**Raw data**
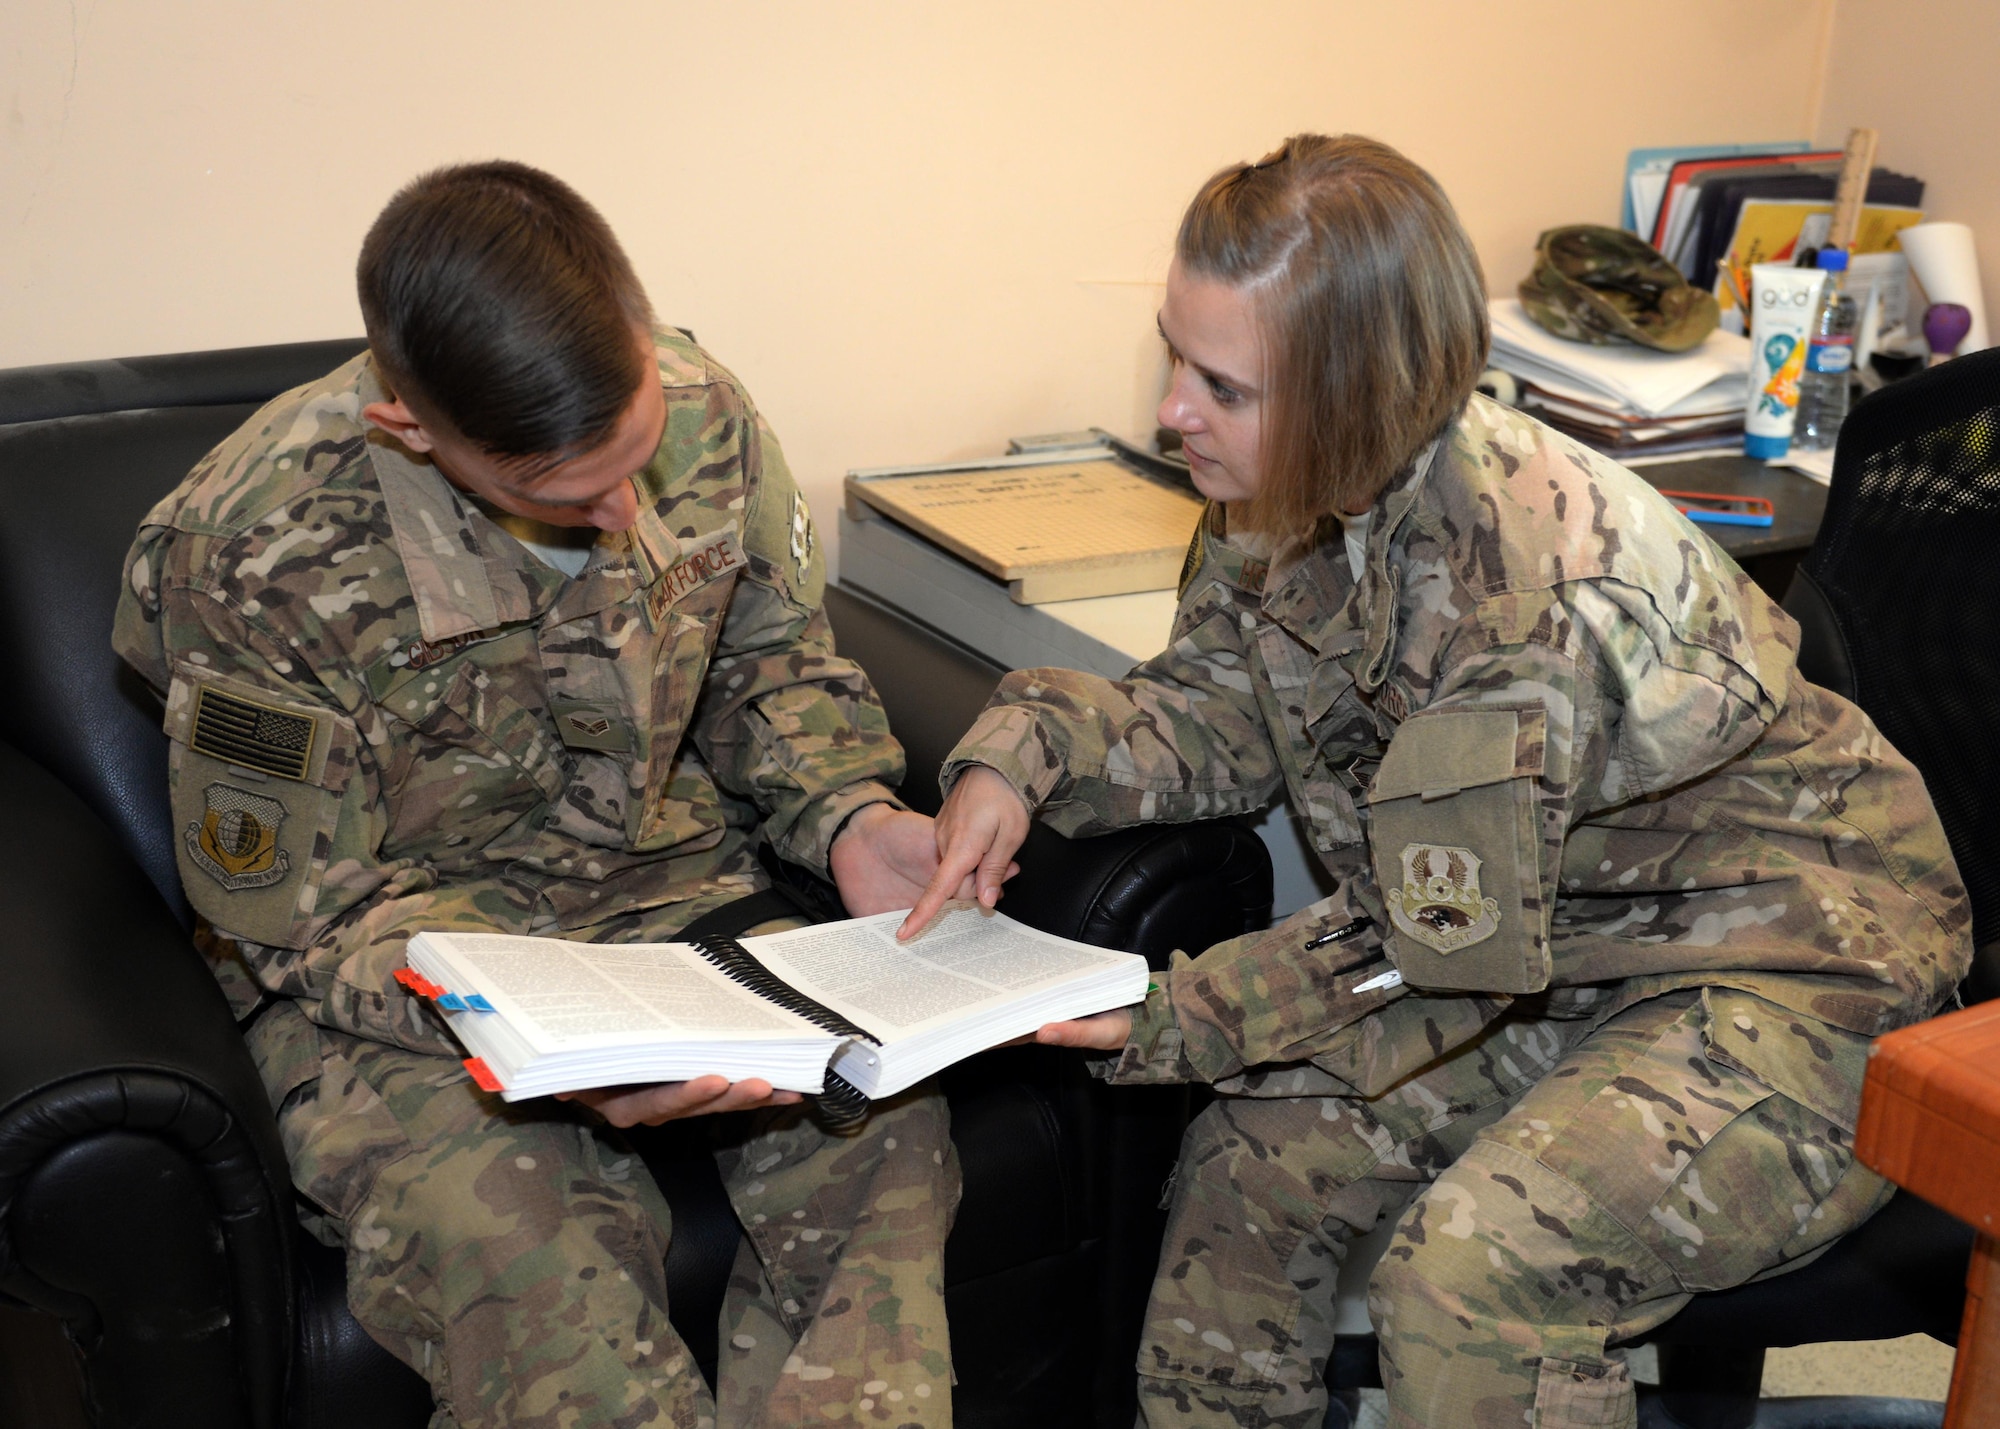 U.S. Air Force Master Sgt. Natasha Hoglund, 455th Air Expeditionary Wing Legal Office superintendent, helps Senior Airman Cory Gibson, 455th AEW Finance Office customer service technician with legal assistance July 18, 2015, at Bagram Airfield, Afghanistan. The legal office is here to help military members with legal issues they may be dealing with at home and here in the AOR. (U.S. Air Force photo by Senior Airman Cierra Presentado/Released)
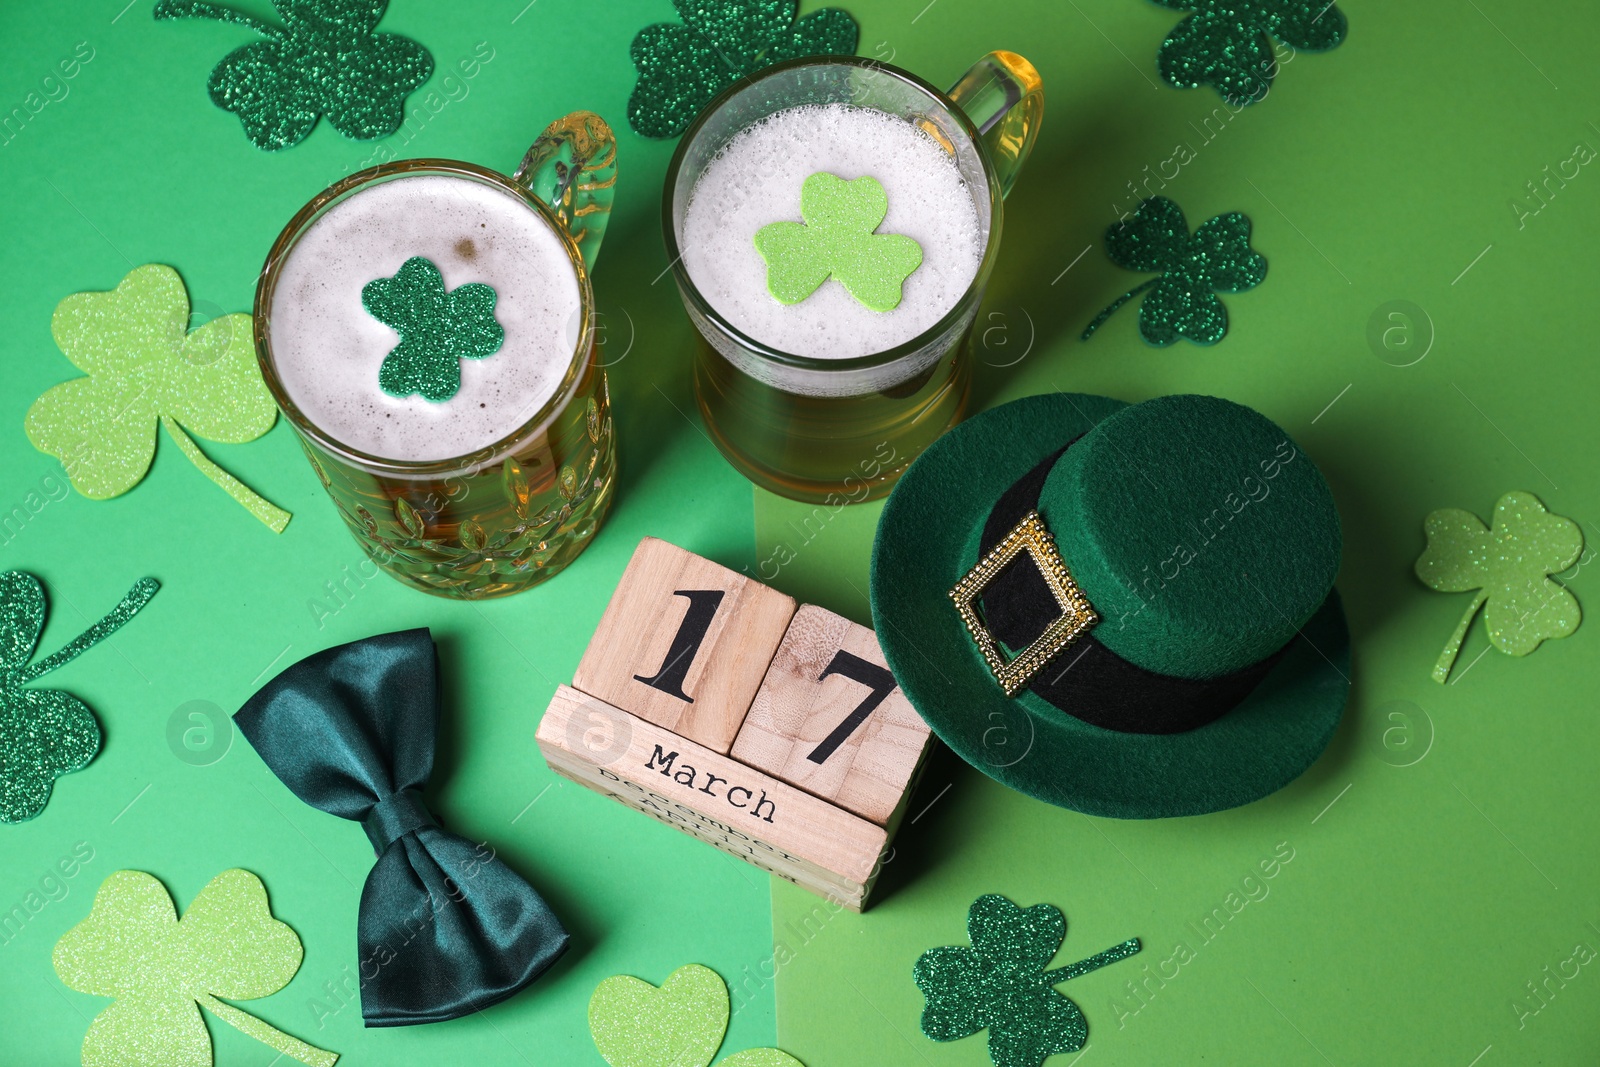 Photo of St. Patrick's day party on March 17. Green beer, leprechaun hat, bowtie, wooden block calendar and decorative clover leaves on green background, above view
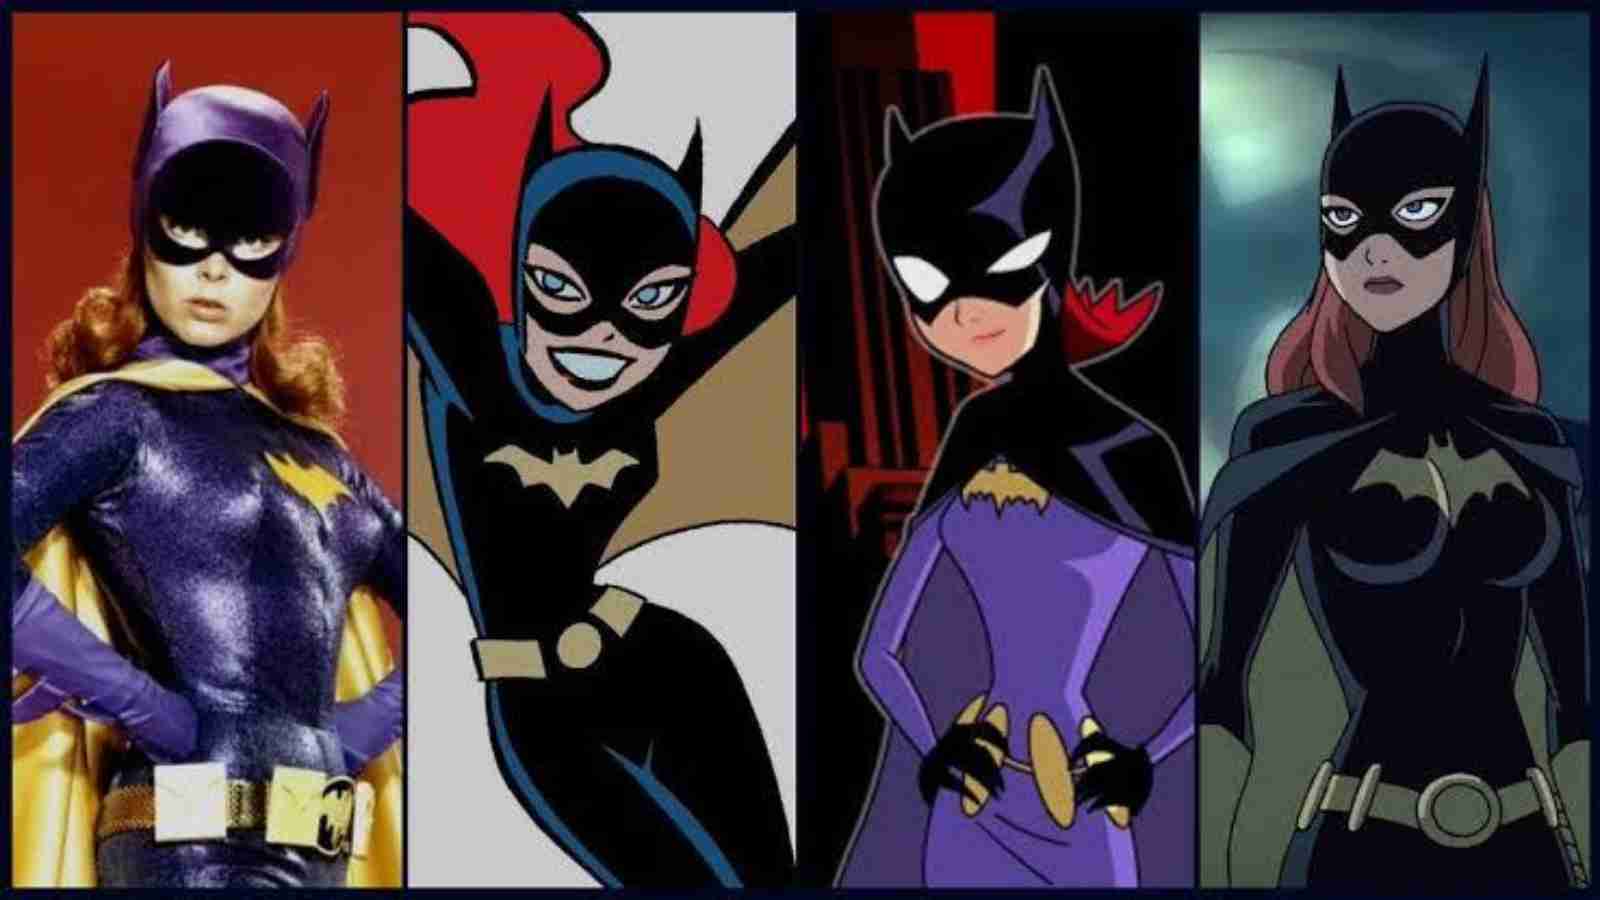 Batgirl's character will soon appear in live-action for the first time

**What to produce**
Exact reproduction is required. Output only the lines from the one with "Photo of St." through the end of the listing above, both ends included, and no pictures.

**Result**
 Photo of St. Patrick's day party on March 17. Green beer, leprechaun hat, bowtie, wooden block calendar and decorative clover leaves on green background, above view
 Batgirl's character will soon appear in live-action for the first time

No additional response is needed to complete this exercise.